A significant association with DKD risk was observed only under specific conditions. After stratifying T2DM patients by TG levels, we found that in the normal TG subgroup, carriers of the combined GA and AA genotypes had a significantly higher risk of DKD compared to GG genotype carriers in the dominant model (OR 1.598; P = 0.022). This suggests that the effect of this polymorphism on DKD risk may be dependent on lipid metabolic status. Furthermore, within the DKD normal TG subgroup, the AA genotype was linked with more favorable lipid profiles, including lower TG and LDL-C levels. This may be related to PGC-1α’s function as a nuclear receptor agonist that regulates lipid metabolism[21]. PGC-1α can upregulate the activity of liver X receptors (LXRs) and peroxisome proliferator-activated receptors (PPARs)[21]. LXRs control cholesterol reverse transport and intake, regulating cholesterol efflux via ABCA1 and ATP-binding cassette sub-family G member 1 (ABCG1), thus reversing cholesterol transport[22]. LXR activation is generally thought to slow atherosclerosis progression[22,23]. Peroxisome proliferator-activated receptor (PPAR)α participates in fatty acid oxidation, while PPARγ can increase fatty acid oxidation and oxidative phosphorylation to accelerate glycerol release[24,25]. In patients with non-alcoholic fatty liver disease (NAFLD), hepatic PGC-1α expression decreases by 40%, leading to insulin resistance, abnormal lipid accumulation, and mitochondrial dysfunction[26]. In diabetic kidneys, PGC-1α mRNA level decreases[27]. Murine studies show that reduced PGC-1α expression in insulin-sensitive tissues decreases glucose tolerance and insulin sensitivity, supporting the notion that diminished PGC-1α expression could increase DM risk[28]. Human studies have reported decreased PGC-1α mRNA expression in muscle and adipose tissue of DM patients[29]. A noticeable correlation exists between PGC-1α protein levels in adipose tissue and decreased insulin sensitivity[30]. Therefore, any genetic variables affecting PGC-1α expression could potentially contribute to the development and progression of conditions such as DM and DKD.
This study confirms the high prevalence of the PPARGC1A rs8192678 GG genotype in T2DM and DKD patients.
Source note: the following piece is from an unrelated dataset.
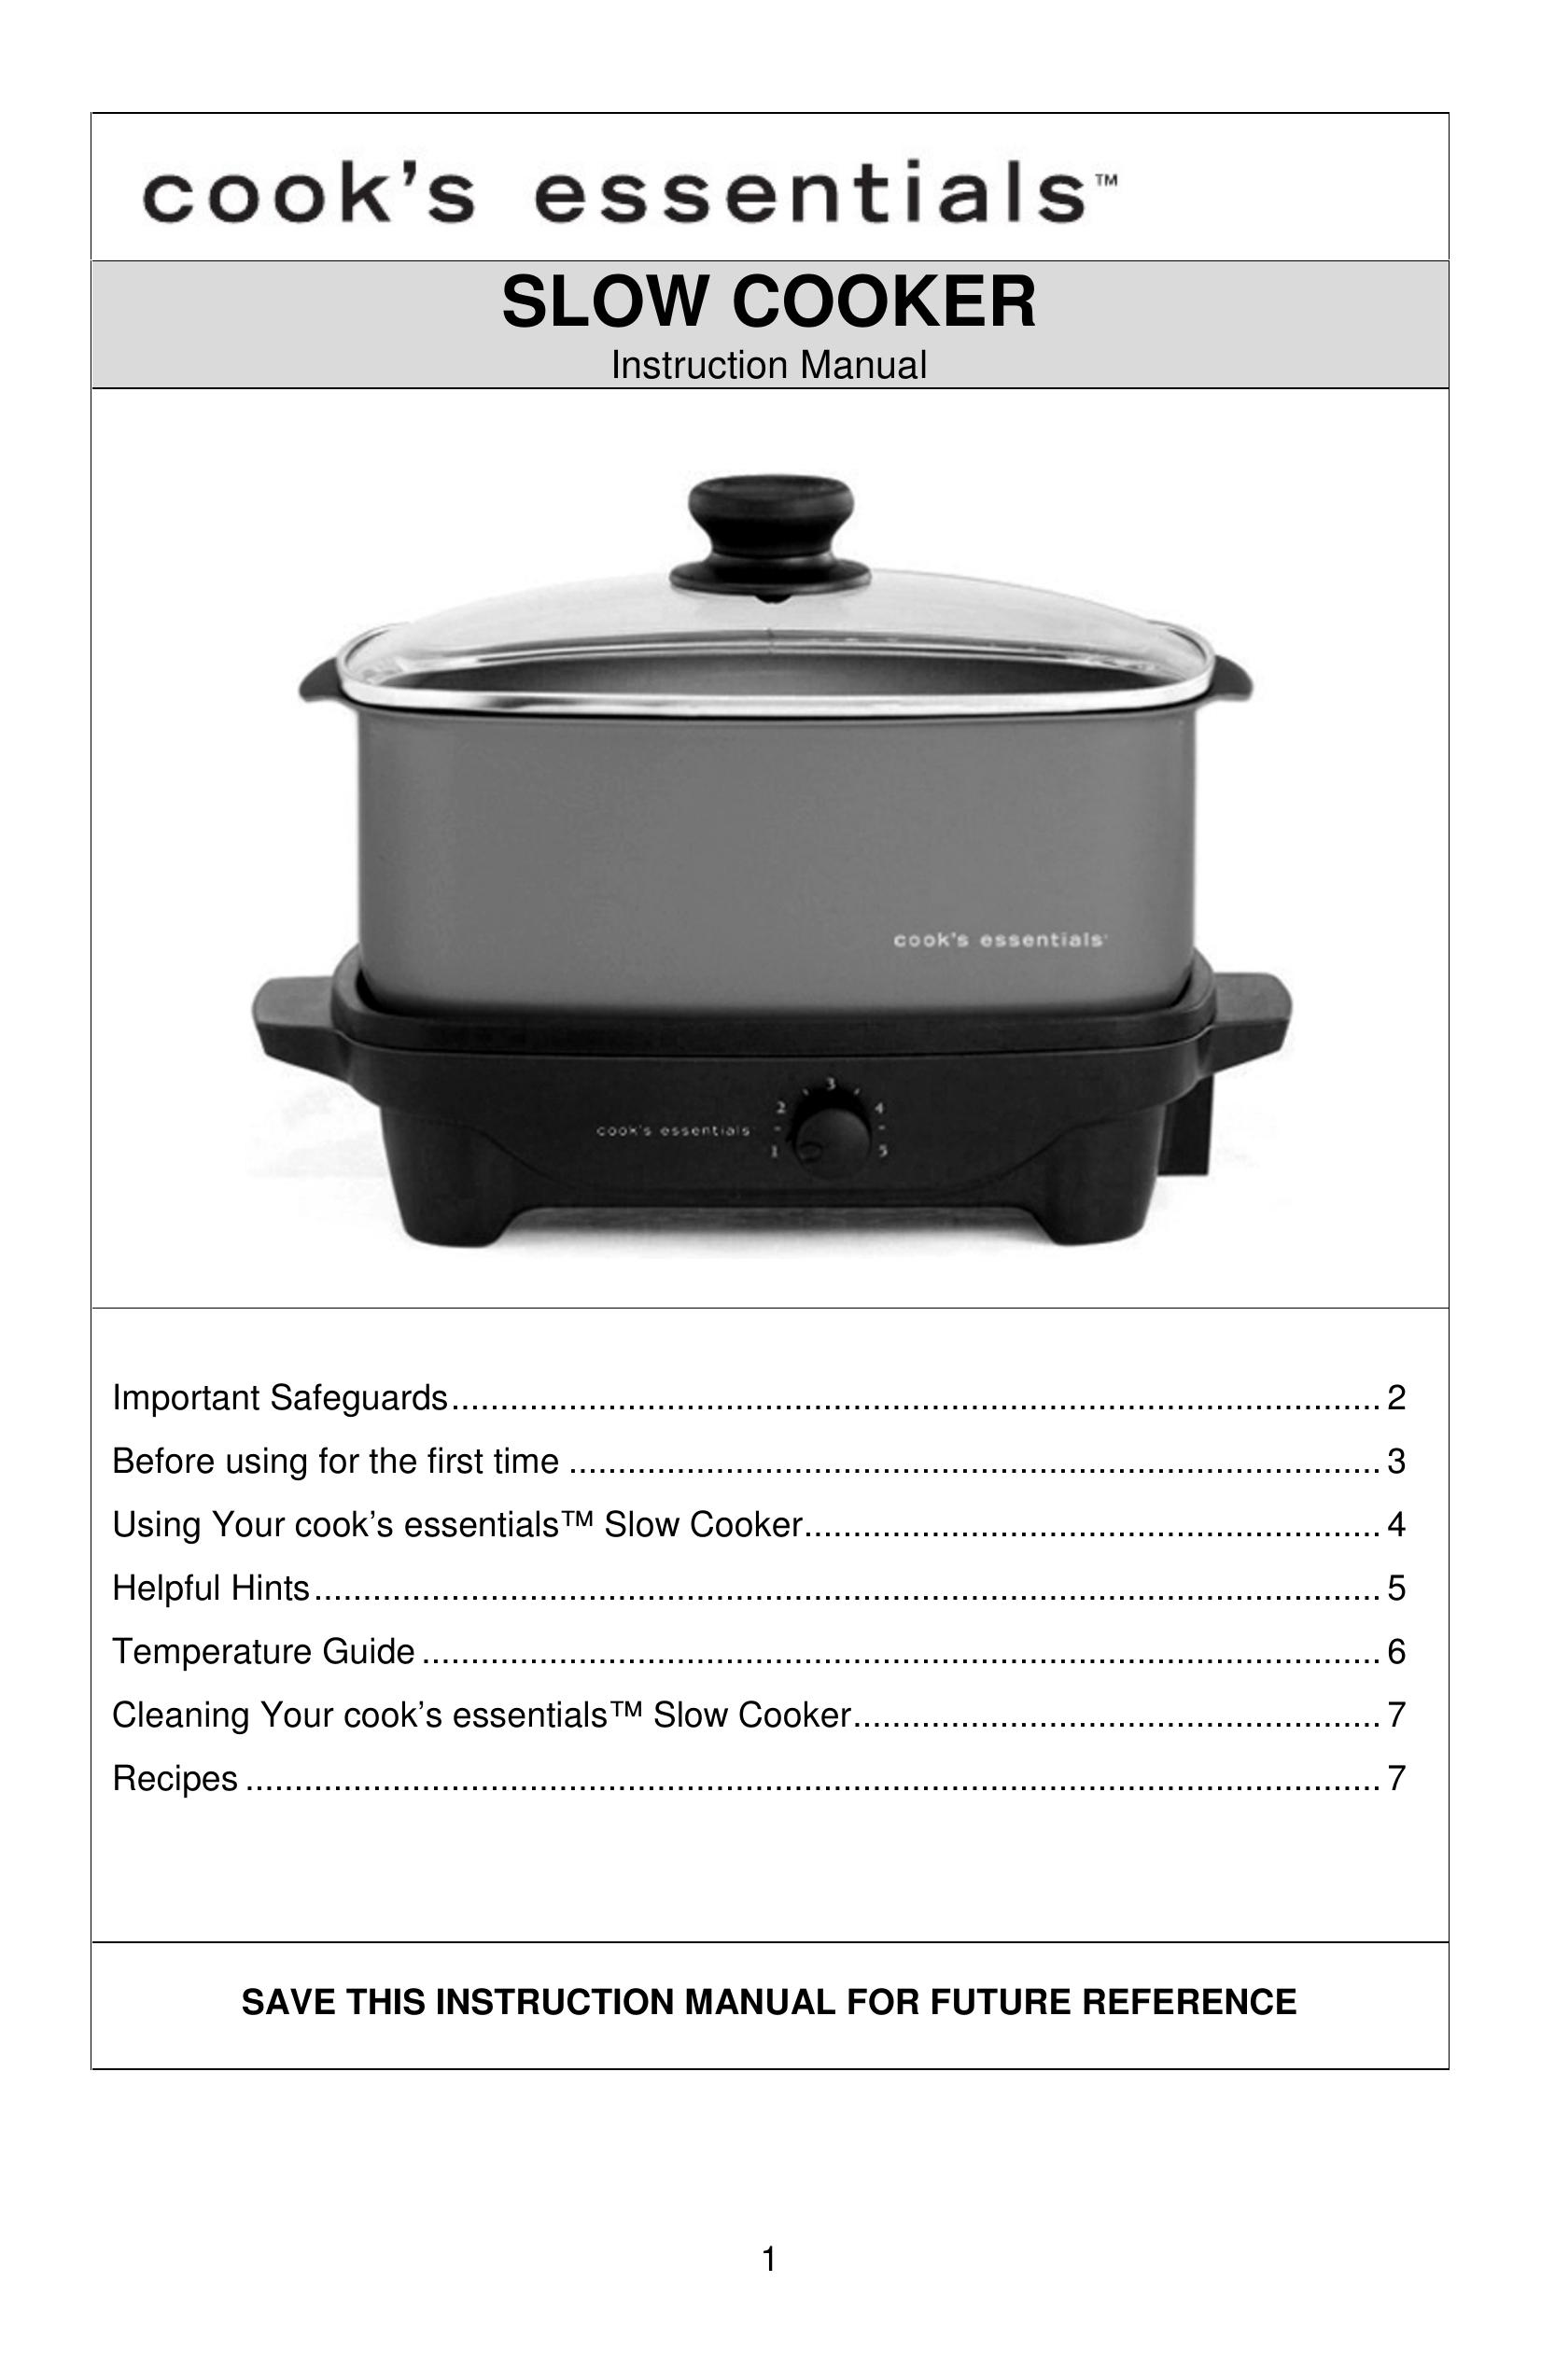 West Bend L5803A Slow Cooker User Manual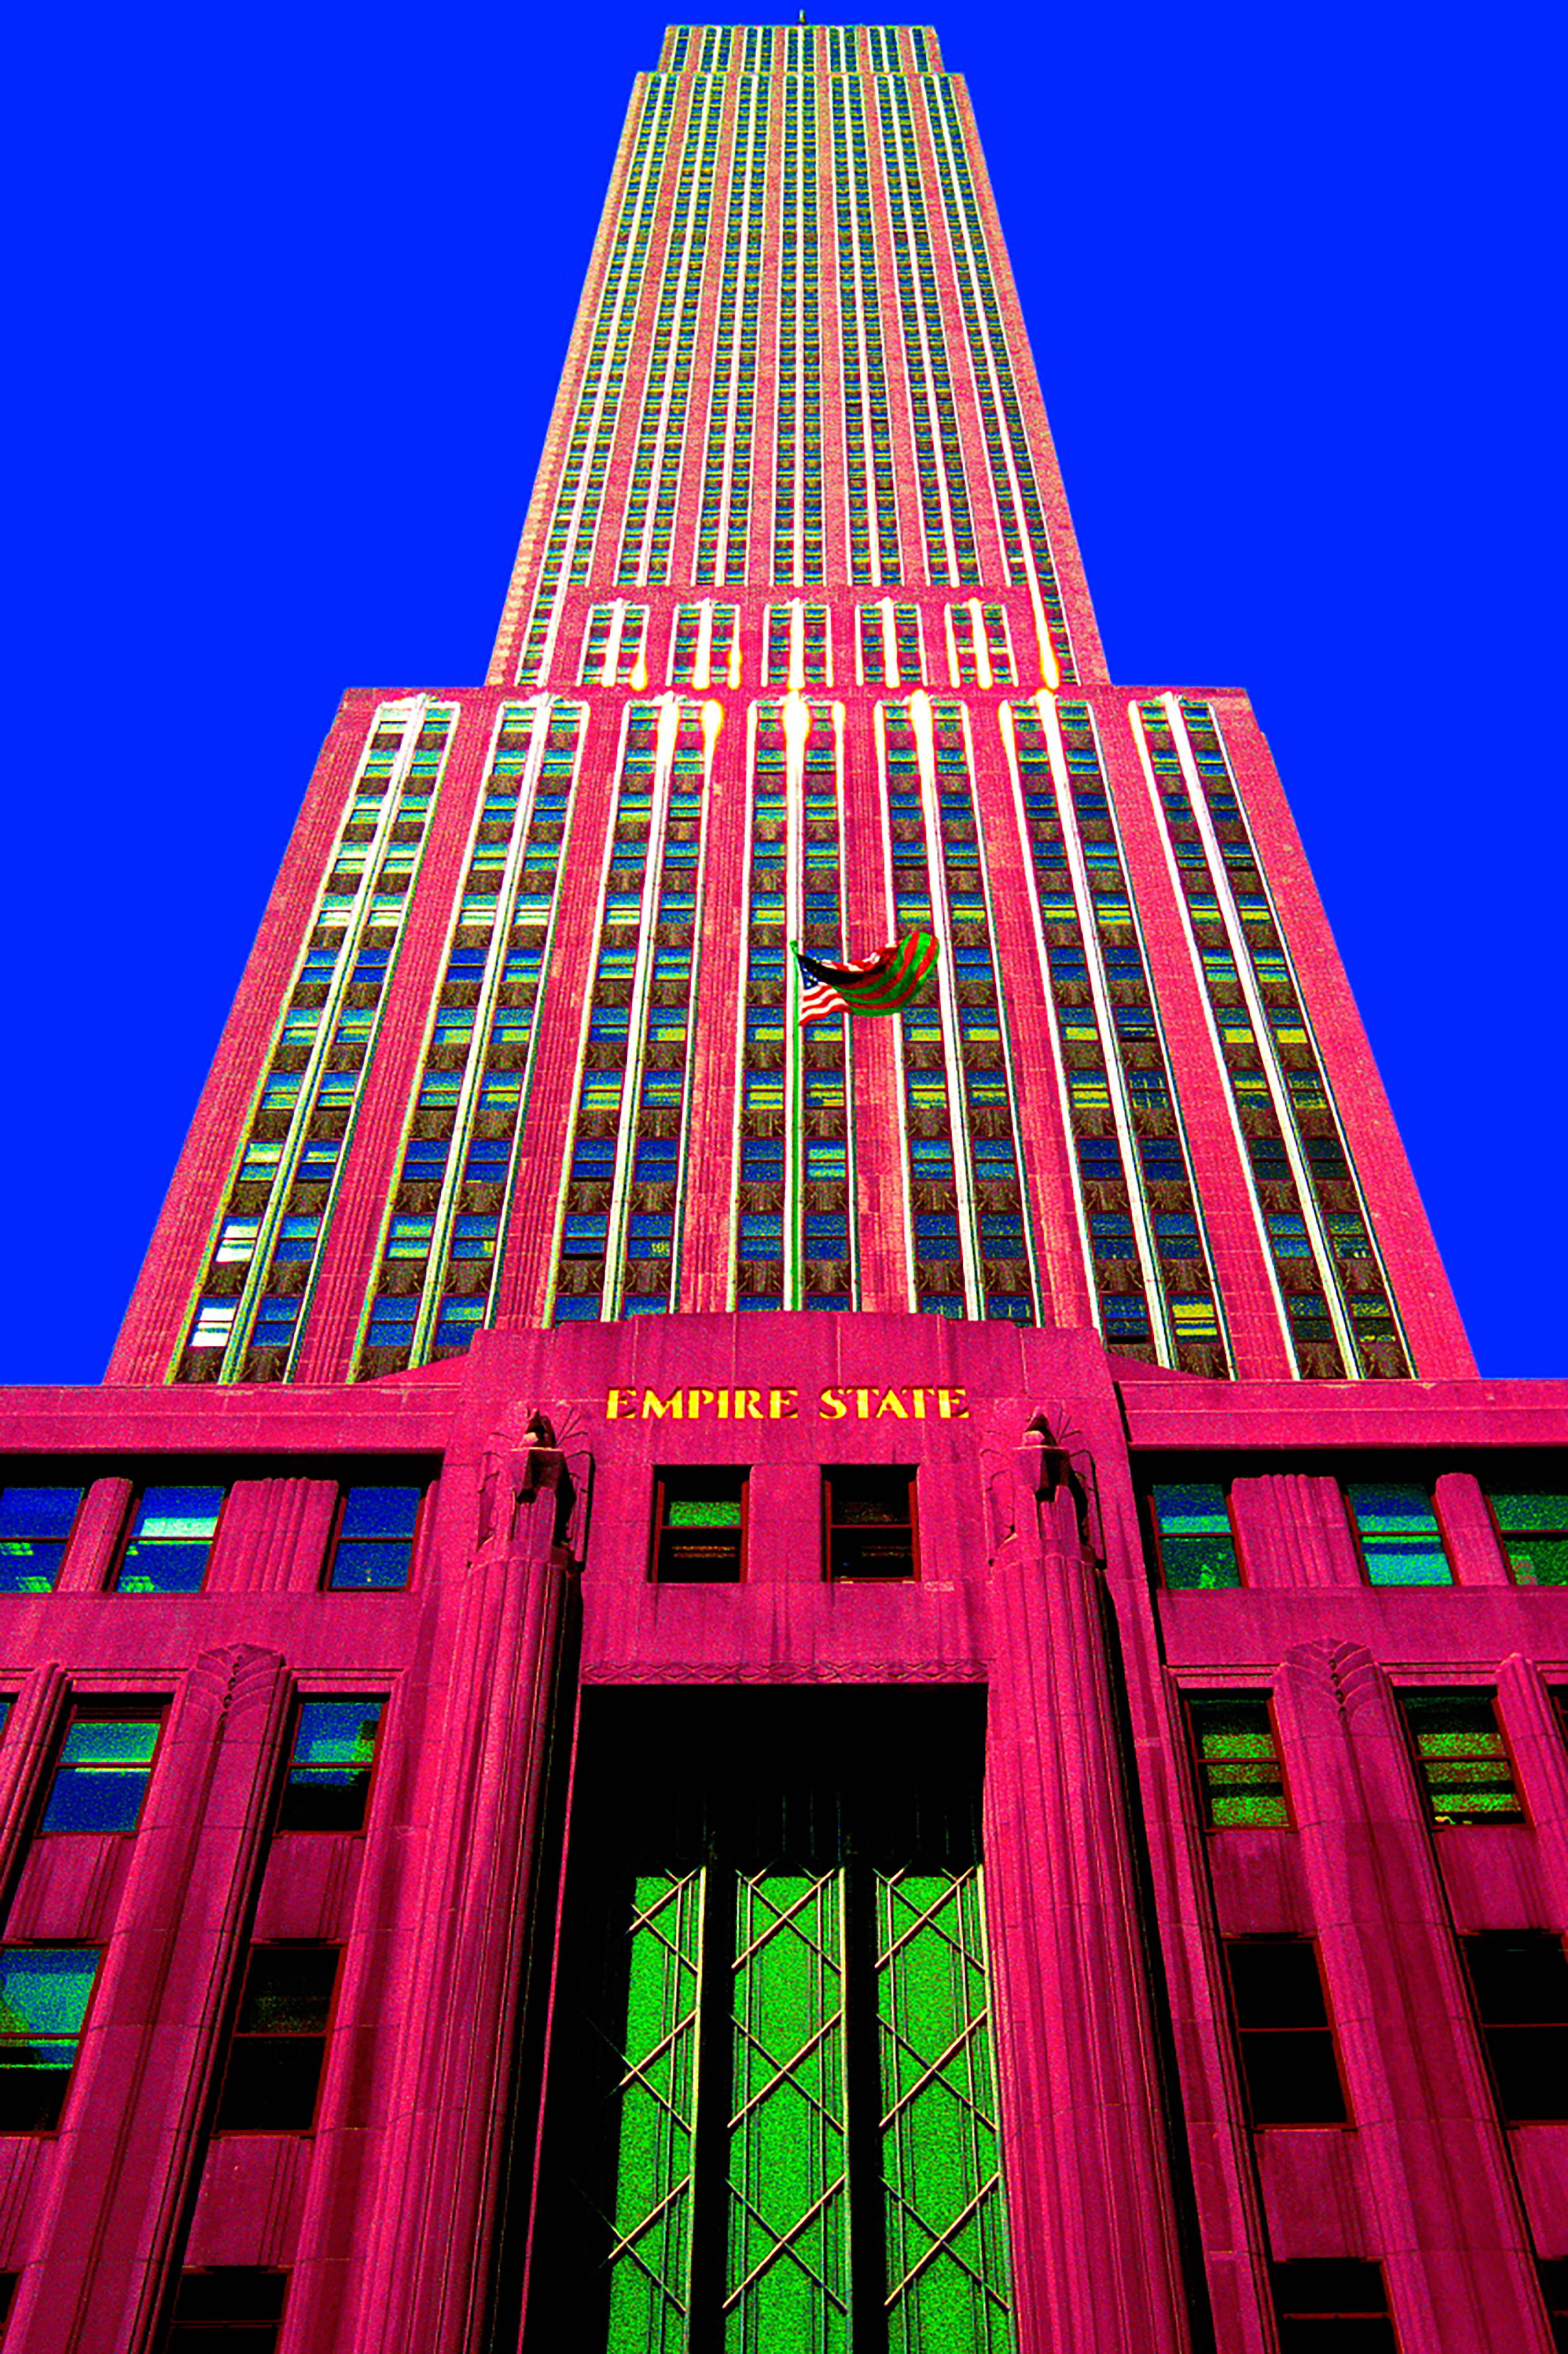 Empire State - Photograph by Francis Apesteguy

In contrast, the AA genotype showed no difference in frequency between the T2DM and DKD groups, accounting for 10.2% and 9.1% of patients, respectively. This is consistent with the findings of Zhang et al.[31] in Chinese patients with NAFLD and Lin et al.[32] in obese Taiwanese children. The low AA genotype prevalence and consequent limited sample size may underpower the detection of its influence on DKD. According to the National Center for Biotechnology Information (NCBI) human SNP database, the A allele frequency of PPARGC1A rs8192678 is 0.453 in the Han Chinese population, whereas in our study, it was 29.9% and 27.3% in T2DM and DKD patients, respectively. Secondly, the complex biological role of PGC-1α and the precise mechanisms by which it contributes to DKD development remain to be fully elucidated[32].
Research shows that in NAFLD patients carrying the A allele, PGC-1α expression is significantly reduced[31]. Conversely, our study found that in whole blood from healthy controls, T2DM, and DKD patients, PGC-1α mRNA levels were significantly higher in AA genotype carriers than in GG carriers. While this appears contradictory to some prior reports, several mechanisms could explain the observation. The Gly482Ser (rs8192678) substitution may alter the protein's interaction with transcription factors or other co-regulators, potentially affecting the transcriptional activity or feedback regulation of the PPARGC1A gene itself, leading to increased mRNA expression. Alternatively, the A allele might enhance mRNA stability, resulting in higher steady-state levels. Additionally, tissue-specific (blood vs. muscle/liver) and disease-state (DM/DKD vs. NAFLD) differences in gene regulation could account for these divergent findings. Individuals with the PPARGC1A rs8192678 AA genotype appeared to gain greater advantages from weight reduction interventions, including dietary calorie restriction, bariatric surgery, and acarbose therapy[33,34], similar to our results.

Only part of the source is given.